When they come back in late February, they have a week to play before playoffs start. They’ve done this before. They know how this schedule goes, and the fact is playoff teams need to get their house in order before the break, not try to come out hot in that final week.
Progress in hockey is often not a straight line. Amirov is not a bust, and this isn’t an evil plot by the evil KHL team of evil who don’t realize that the Leafs are all that matters. He’s a kid, he’s been hurt — the extent to which we don’t really know — and he’s not going to put Salavat Yulaev over the top. This isn’t his year. But that break coming up is not going to hurt him. If he’s struggling with building on his basic game, and he seems to be, some skill development is not going to go amiss. The VHL does not have an Olympic break, so Amirov might play there, and that won’t be a demotion, it will be an opportunity.
Amirov’s trouble is that he has a game that will look familiar to watchers of Mitch Marner, but he’s not at Marner’s level of playmaking. He needs to shoot, and he needs, frankly, to shoot smarter. Reports say he’s taken some strides this year, but at the WJC last year, where he could get away with junior habits, he floated back to the blue line from the left circle too much. He wants to fade in and out of the peripheral vision of the defenders, but he ended up just fading out of the play. His game is there, the work needs to be done to build on what he has.

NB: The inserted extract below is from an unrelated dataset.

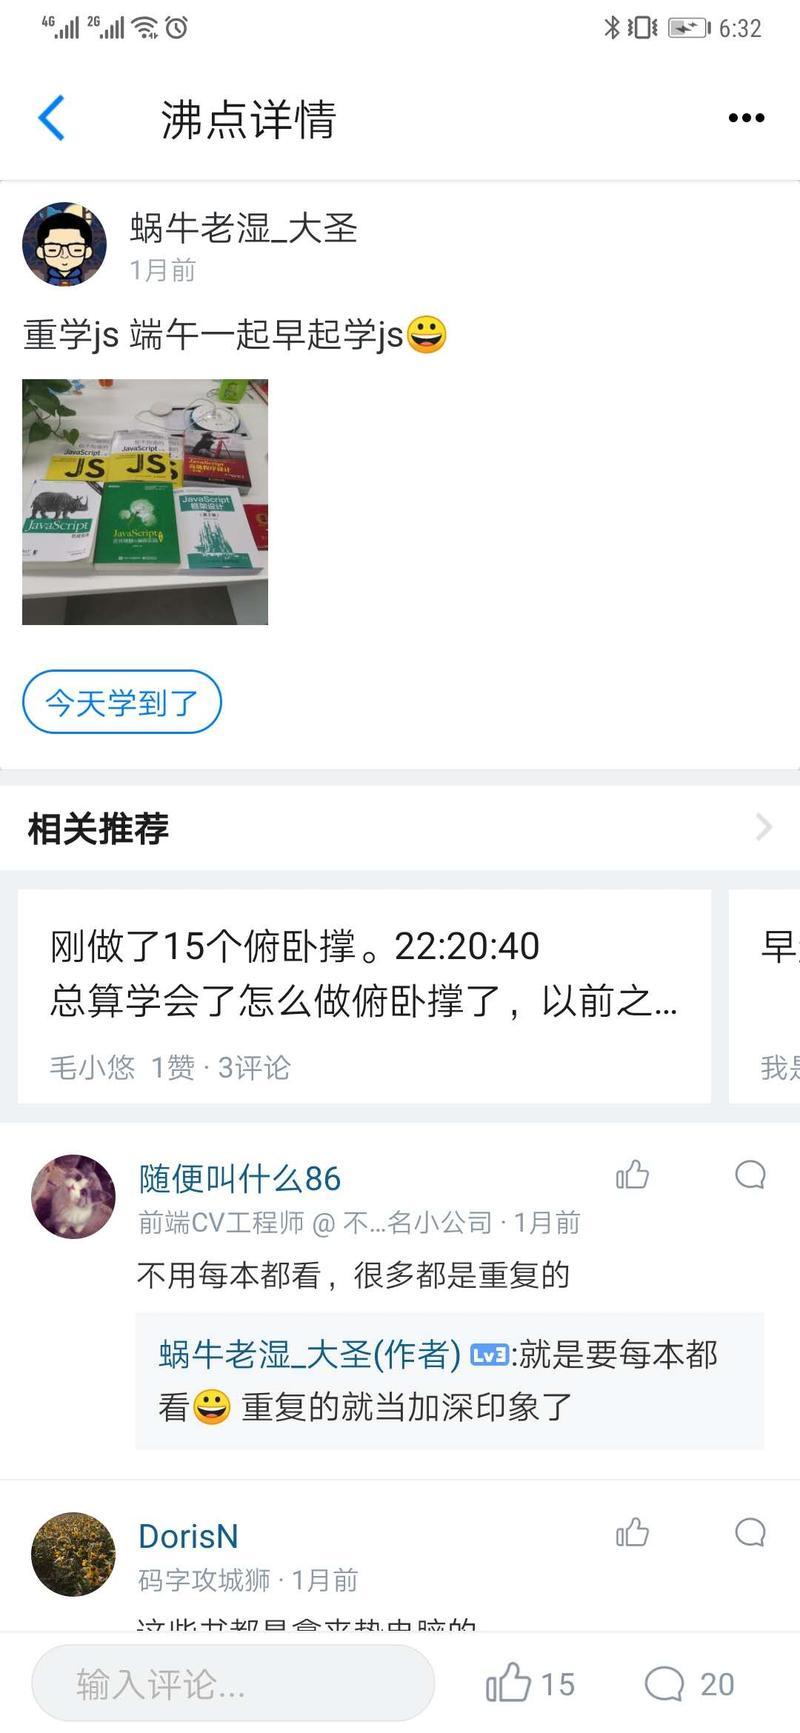 花果山大圣于2020-08-04 14:57发布的图片

The coach of Salavat Yulaev is Tomi Lämsä, a man hired specifically to bring Finnish systems and teamwork to a team that can’t buy its way to a championship in the KHL like SKA or CSKA can. They can’t just rely on having the better forward line on the ice at all times. There’s no indication he doesn’t “like” Amirov, or is holding him back out of some philosophy of not playing young players. He just needs to make the best team he can out of who he has every night. Even when they play the bad teams, he has to push the team.
Let’s see how Amirov does from now to the break at the end of this month, and then remember to check in on him after, to see how he used that time. But this is real hockey, not a development league, and if you want ice time, you have to make it impossible not to have it given to you.